Friday, 13 June 2014

The GW3UEP 630m TX In QRSS Mode

By all accounts, the little transmitter designed by GW3UEP and detailed on his website, is an efficient performer and would be a great 'first' rig for 630m CW. I had the chance on Thursday to run some checks with my GW3UEP xtal-controlled 630m transmitter. Typically crystal oscillators sound stable to the ear but when pressed into the slower QRSS modes where the signals are being observed in very narrow bandwidths, any drift caused by crystal heating will show up pretty fast. I think that anyone building this transmitter would more than likely want to use it for normal CW or perhaps as a beacon transmitter but being able to use it in some of the slow speed QRSS modes would offer significant improvements in geographical coverage compared with straight CW....but, would the little fifty-cent HC-49 crystal have the stability needed for the slower modes?

Source: http://www.dstarcomms.com/GW3UEP/472kHz.htm


Previous on-air testing between G3YXM and G3NYK has shown the theoretical gains to closely follow actual gains when comparing CW speeds of 12 wpm with QRSS rates of speed. Simply going from 12 wpm to QRSS3 (3 second dots and 9 second dashes) will garner a whopping 12 db improvement at the receive end. Slowing from QRSS3 to QRSS10 yields another 7.6db. If the crystal controlled transmitter is stable enough at QRSS10, almost 20db improvement in readability could be realized....it would be the equivalent of staying on CW but increasing the little transmitter's output power from 25W to 2500W! This is one of the main reasons so much Low Frequency DX work is done in one of the various QRSS modes....to overcome the extreme inefficiency of most backyard antennas used for LF and the subsequent low effective radiated power.

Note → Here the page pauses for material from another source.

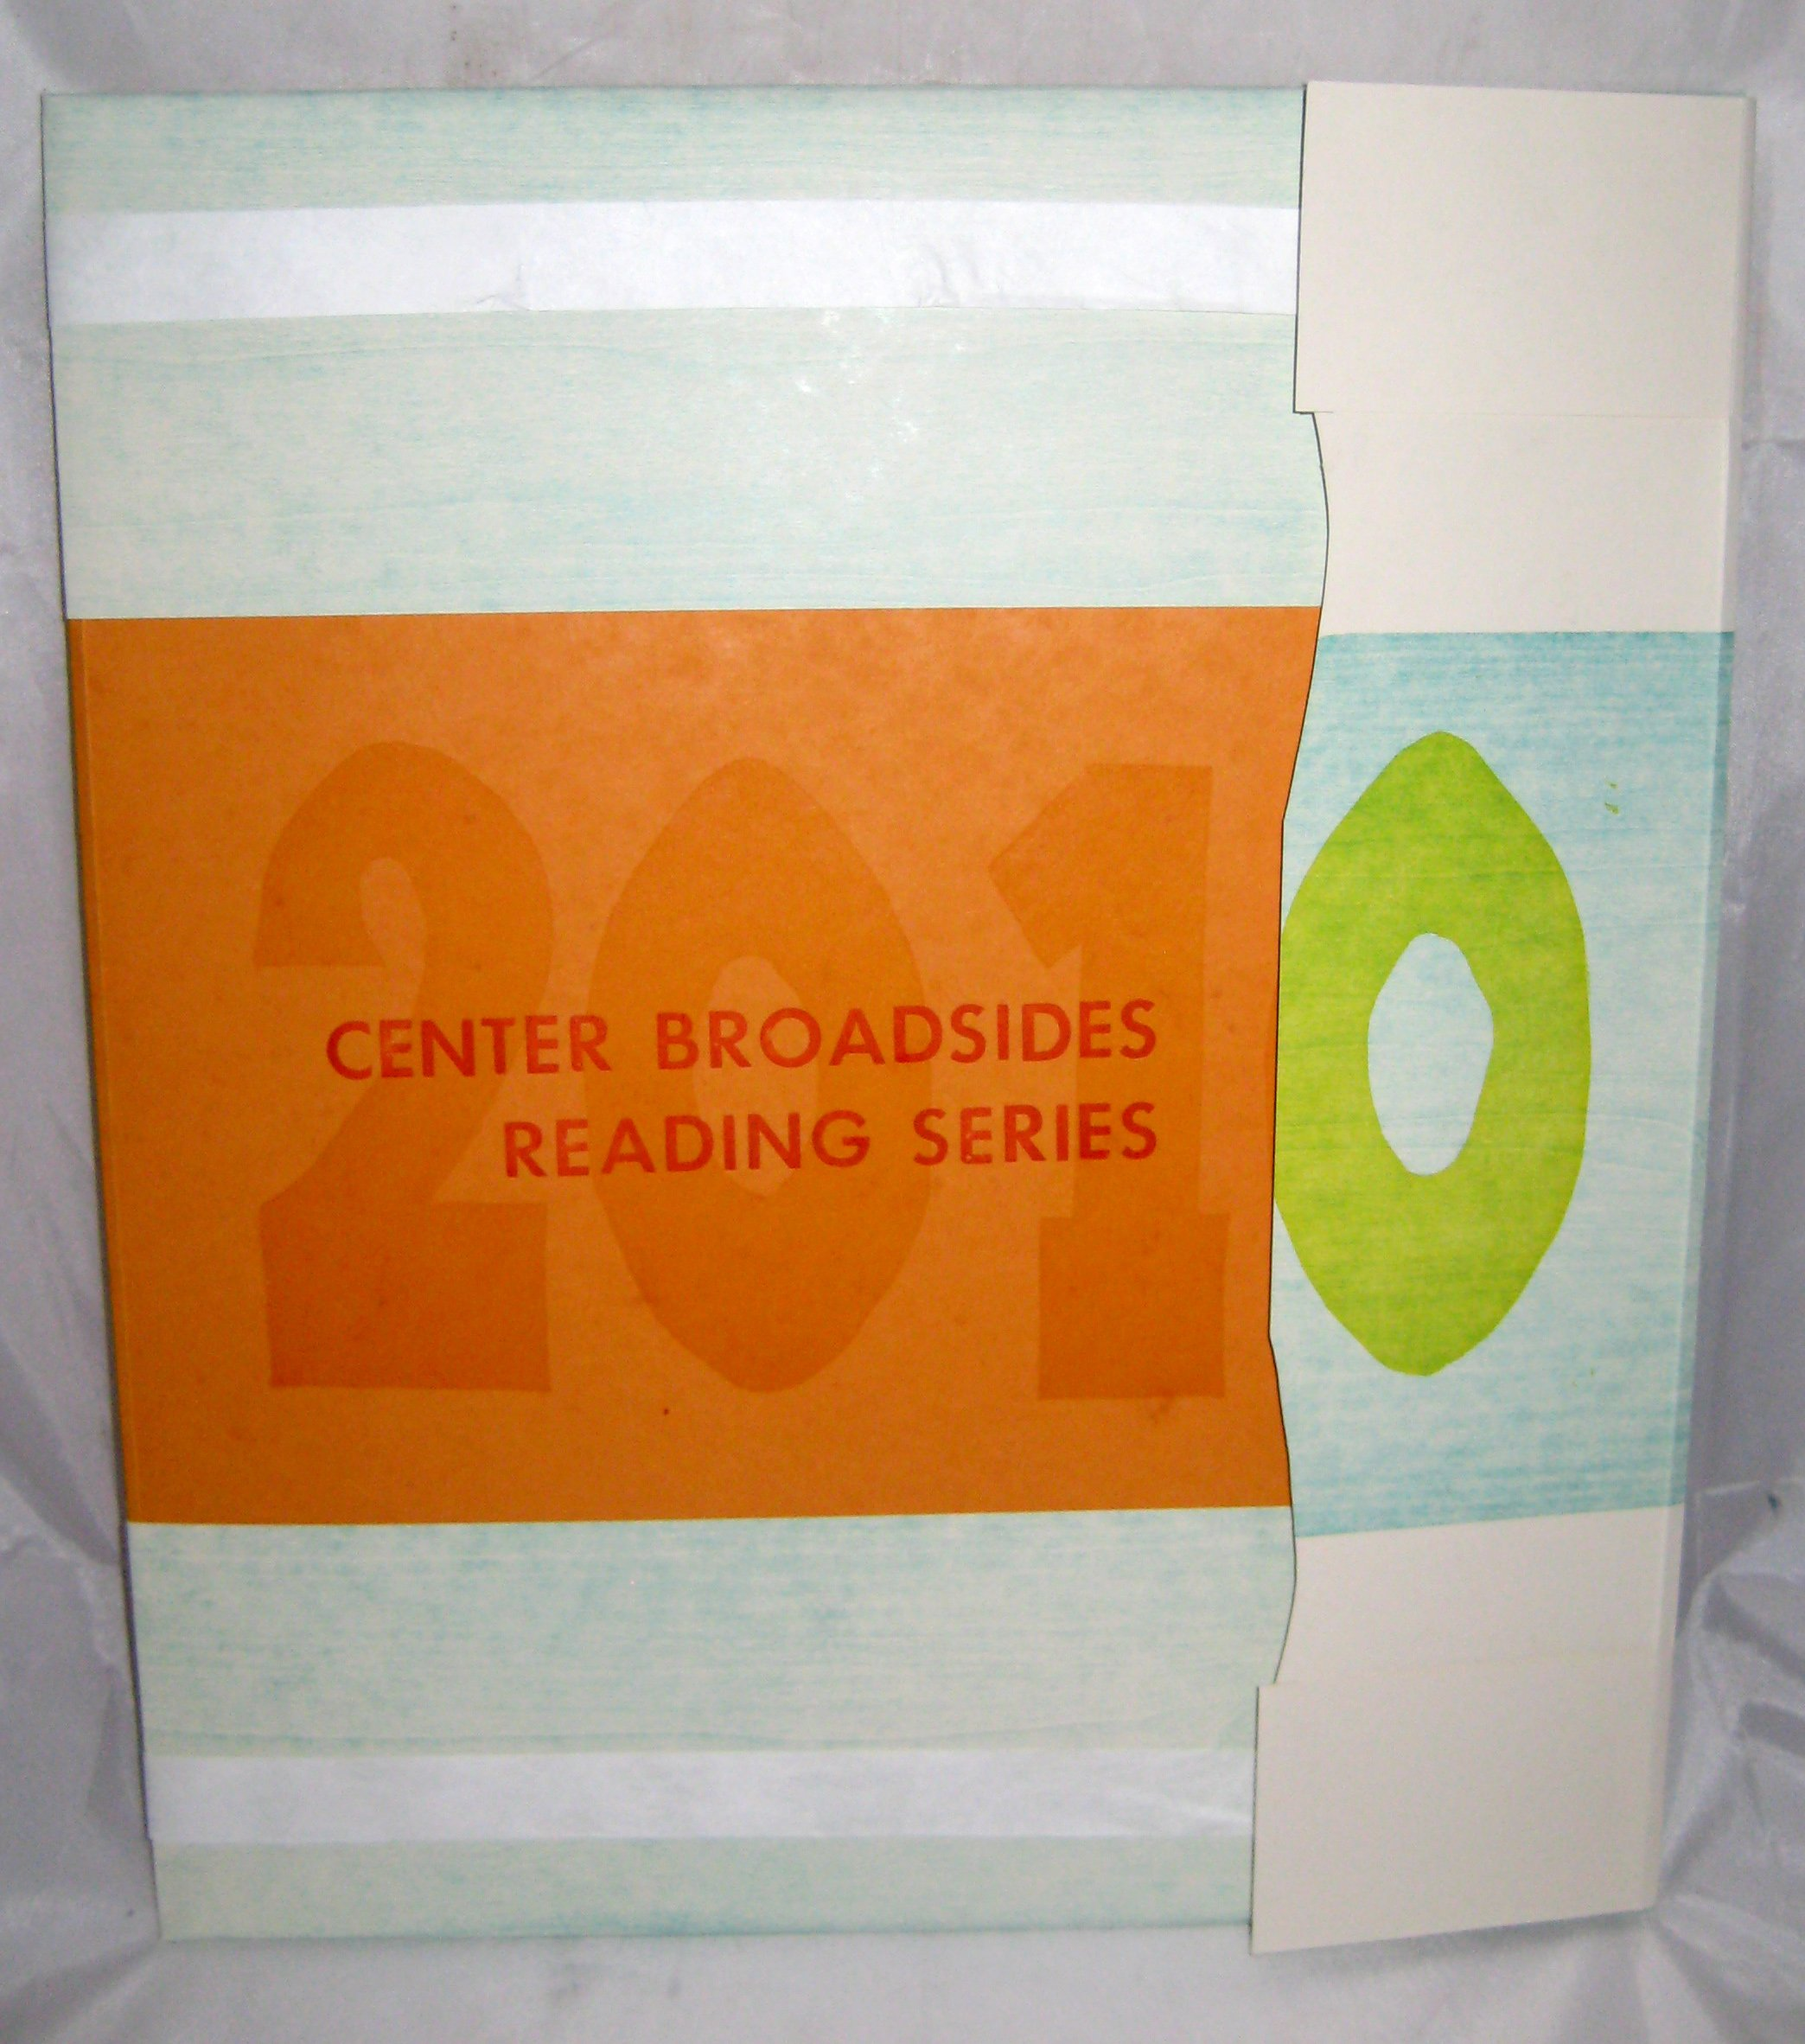 Download CENTER BROADSIDES 2010 READING SERIES pdf

Using the VA7JX 630m screen grabber, I was able to observe the stability characteristics of the xtal-controlled oscillator at various speeds as Jack followed along, switching his Argo receive speed to match my own.

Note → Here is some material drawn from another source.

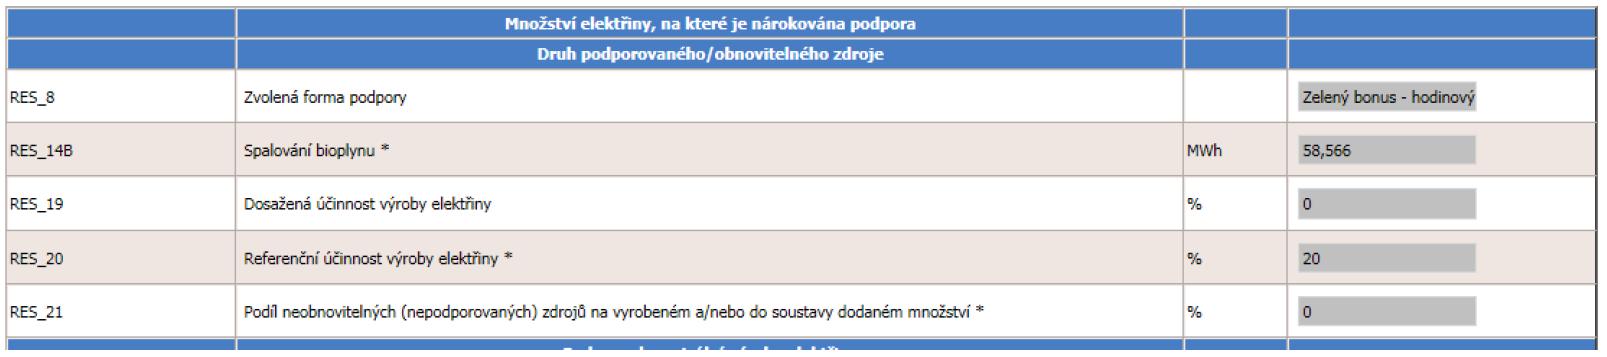 13_vyplnovani_vykazu_obnovitelne_zdroje_spalovani_bioplynu.png

As can be seen below, the oscillator stands up nicely at QRSS3 (3 second dots) while sending "SL".



Slowing to QRSS10 (10 second dots) shows things still looking pretty good.


At this speed, we are now running the equivalent of 2500W on 630m at normal CW speeds but lets see if it will hold up at even slower speeds and to the scrutiny of even smaller bandwidth filtering. Here we are at QRSS20, giving another improvement of almost 2db or the equivalent of 3900W




At this bandwidth and long key down periods, the drift caused by crystal heating is now beginning to show up and although certainly usable at this speed, it would appear that anything slower than this speed would be even worse.

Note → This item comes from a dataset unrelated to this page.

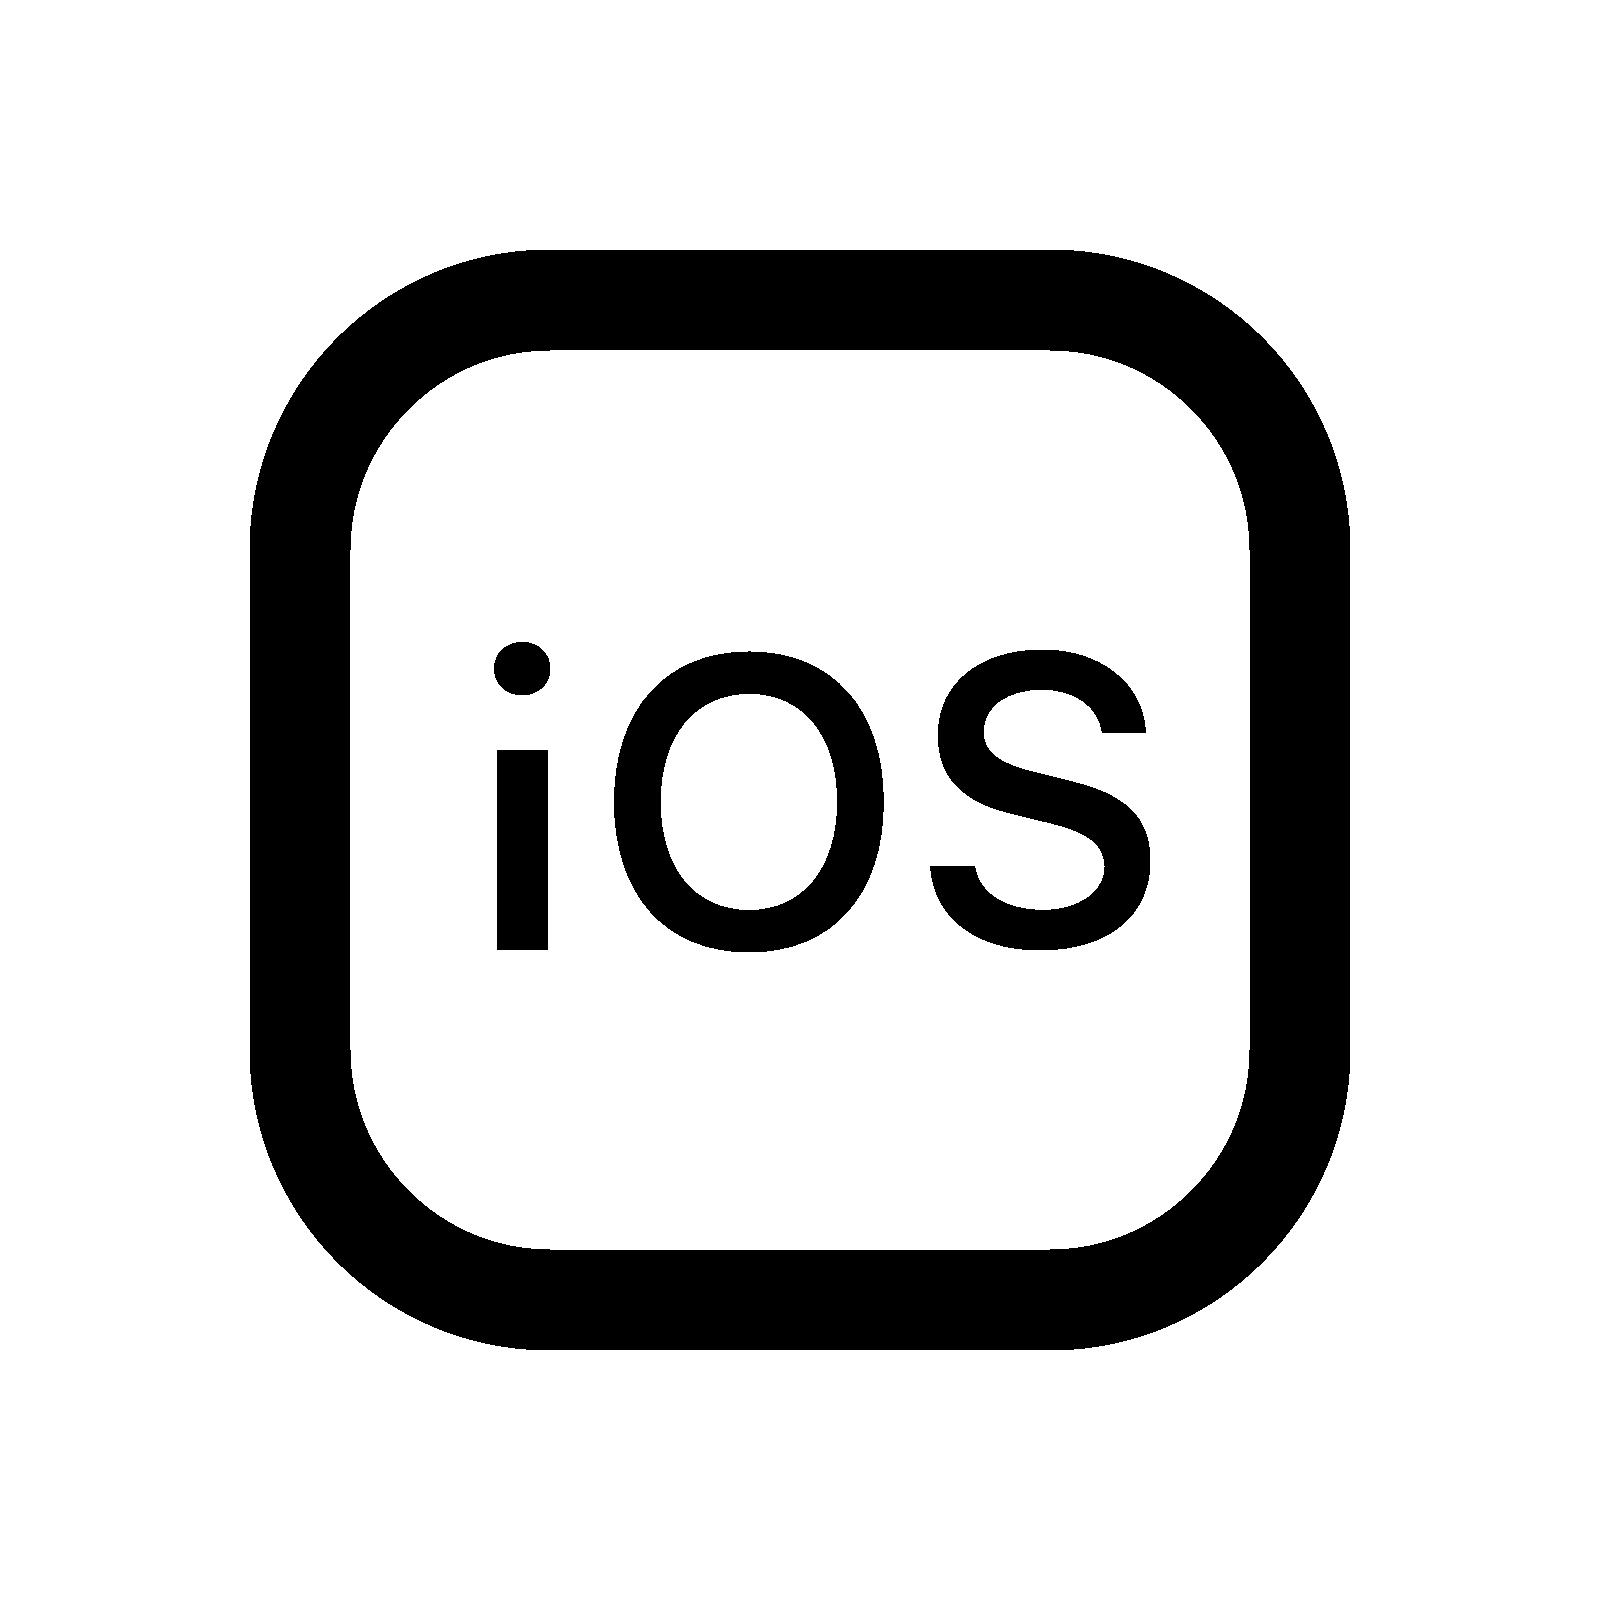 Apple Ios Logo PNG - 31883

Moving down to QRSS30 will gain almost 2 more db, now at the 6200W normal CW speed. Although more drift is apparent, the signal is still easily readable.



QRSS60 (60 second dashes) yields another whopping 3db and the 12WPM CW equivalent of 12.4KW.




In spite of the rigours placed on stability, the signal is still surprisingly useful although very 'chirpy' at this speed.

The huge improvement in effective equivalent power is of course realized at the expense of time, where just sending my call alone takes about 45 minutes! Two-way contacts have been made at this speed in spite of the time needed to exchange calls and signal reports. Faster speeds of QRSS3 or QRSS10 offer a much more realistic rate of exchange, allowing two-way QSO's to be completed fairly quickly, along with that very helpful 12-20db of signal improvement.

I didn't expect this small crystal to perform as well as it did but working in its favour is the fact that any actual drift in frequency is divided down by a factor of sixteen when going from 7.6MHz to 475KHz. As well, the method of keying used during the test was probably the worst one possible as far as stability goes as the entire 4060 oscillator was being keyed on and off for each sequence, requiring the crystal to constantly heat and cool for each character sent. Although keying this way is the easiest method, letting the oscillator run continuously and keying an intermediate stage such as the driver or the final itself should yield even better results.

In its present form, it seems that the little GW3UEP transmitter will stand-up very nicely in the faster QRSS modes, and would still be usable at the much slower ones if one was prepared to accept a little drift. With a different keying method and some Styrofoam insulation protecting the crystal, I suspect that further improvements at QRSS30 and slower could yet be made.